Si c'type s'est pas déjà débarrassé d'elle, elle passe p't-être ses journées à servir des ivrognes dans un bar, ou à faire des corvées pour une riche famille.

L'inquiétude le poussait à se surpasser plus que de raison, d'autant plus que le souvenir de son triste état avant qu'elle ne disparaisse revenait régulièrement le hanter…

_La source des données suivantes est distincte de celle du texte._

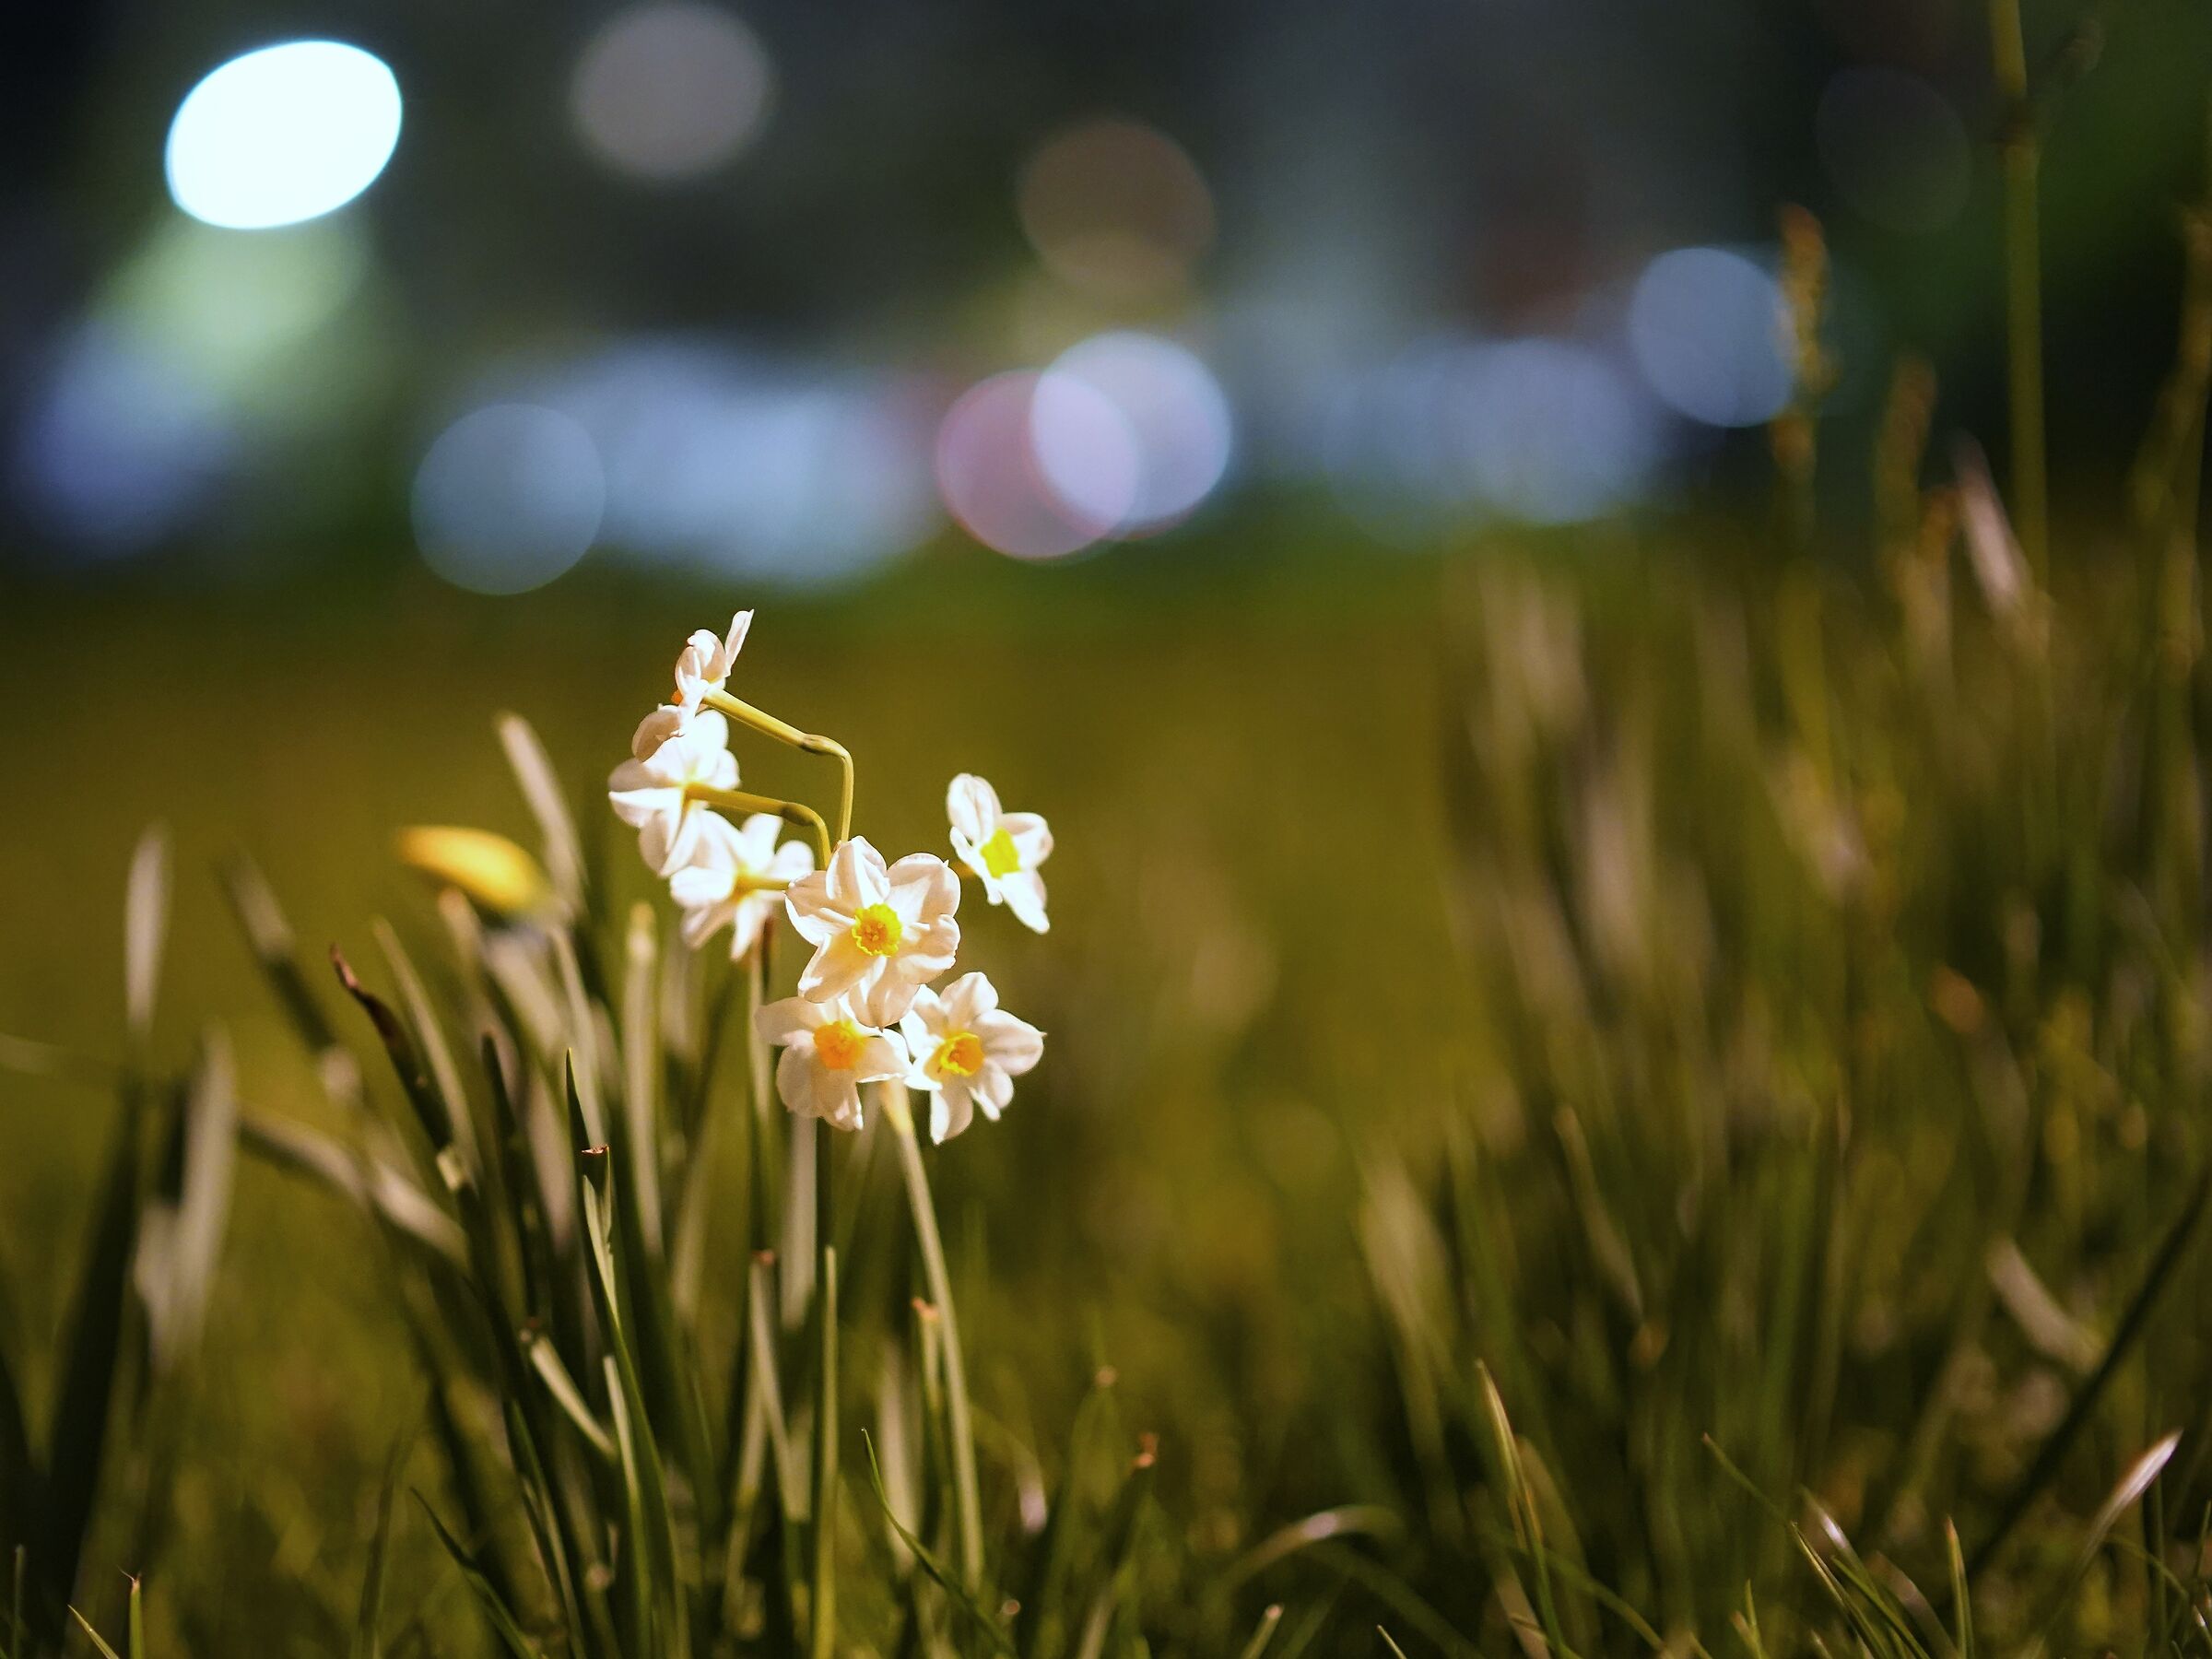 Daffodil by night...
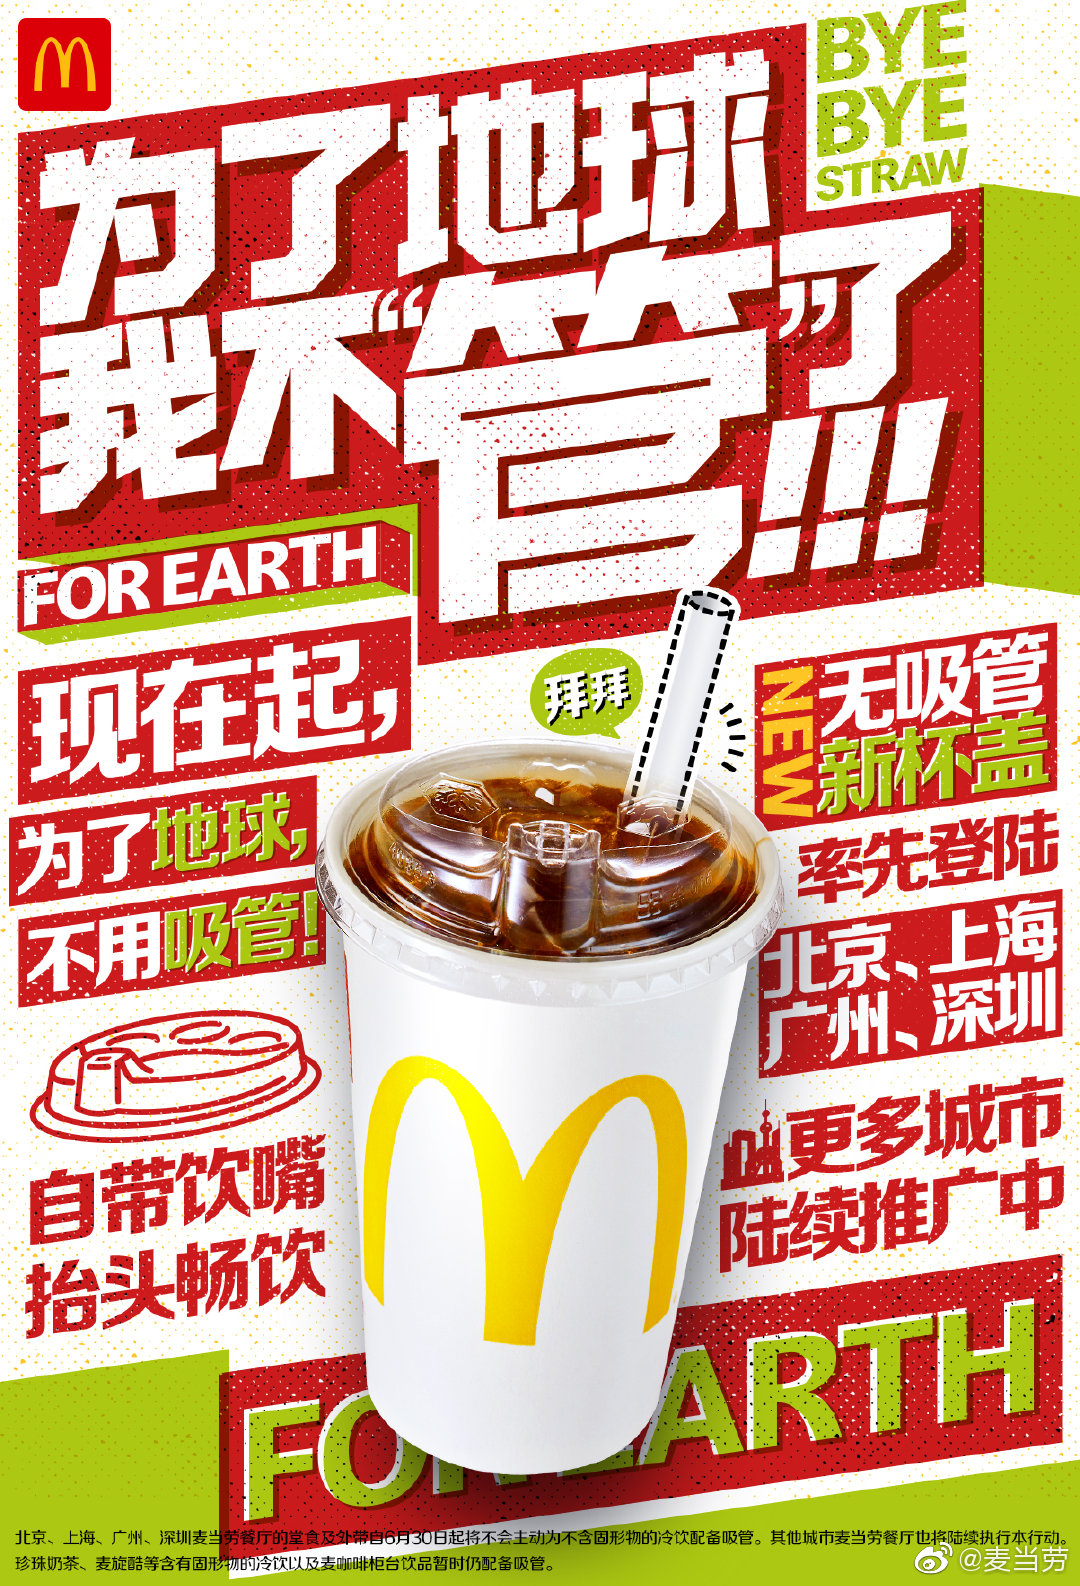 麦当劳中国宣布逐步停用塑料吸管 无吸管新杯盖亮相

Mais sous ce ciel sombre emplit de diamants blancs, même Thot ne brillait pas assez pour le réconforter. Plus le temps passait, plus la honte le submergeait. Nul doute que le jour où son cœur serait jugé, le poids de sa conscience sera plus lourd que celui de la plume. Il avait tant fait, mais ses efforts ne semblaient pas récompensés. Au fond, pourtant, il savait. Son amie était perdue… Il ne pouvait décemment pas parcourir tout le pays pour elle, encore moins avec cette guerre qui faisait rage. Il ne pouvait que s'en remettre aux dieux. S'il devait un jour revoir la jeune femme, ce serait par la grâce d'Isis.

En attendant, la seule chose raisonnable qui lui restait à faire était de retrouver sa mère et de serrer Heba dans ses bras. Au moins, lui était là, et c'était encore la seule chose qui arrivait à le faire tenir.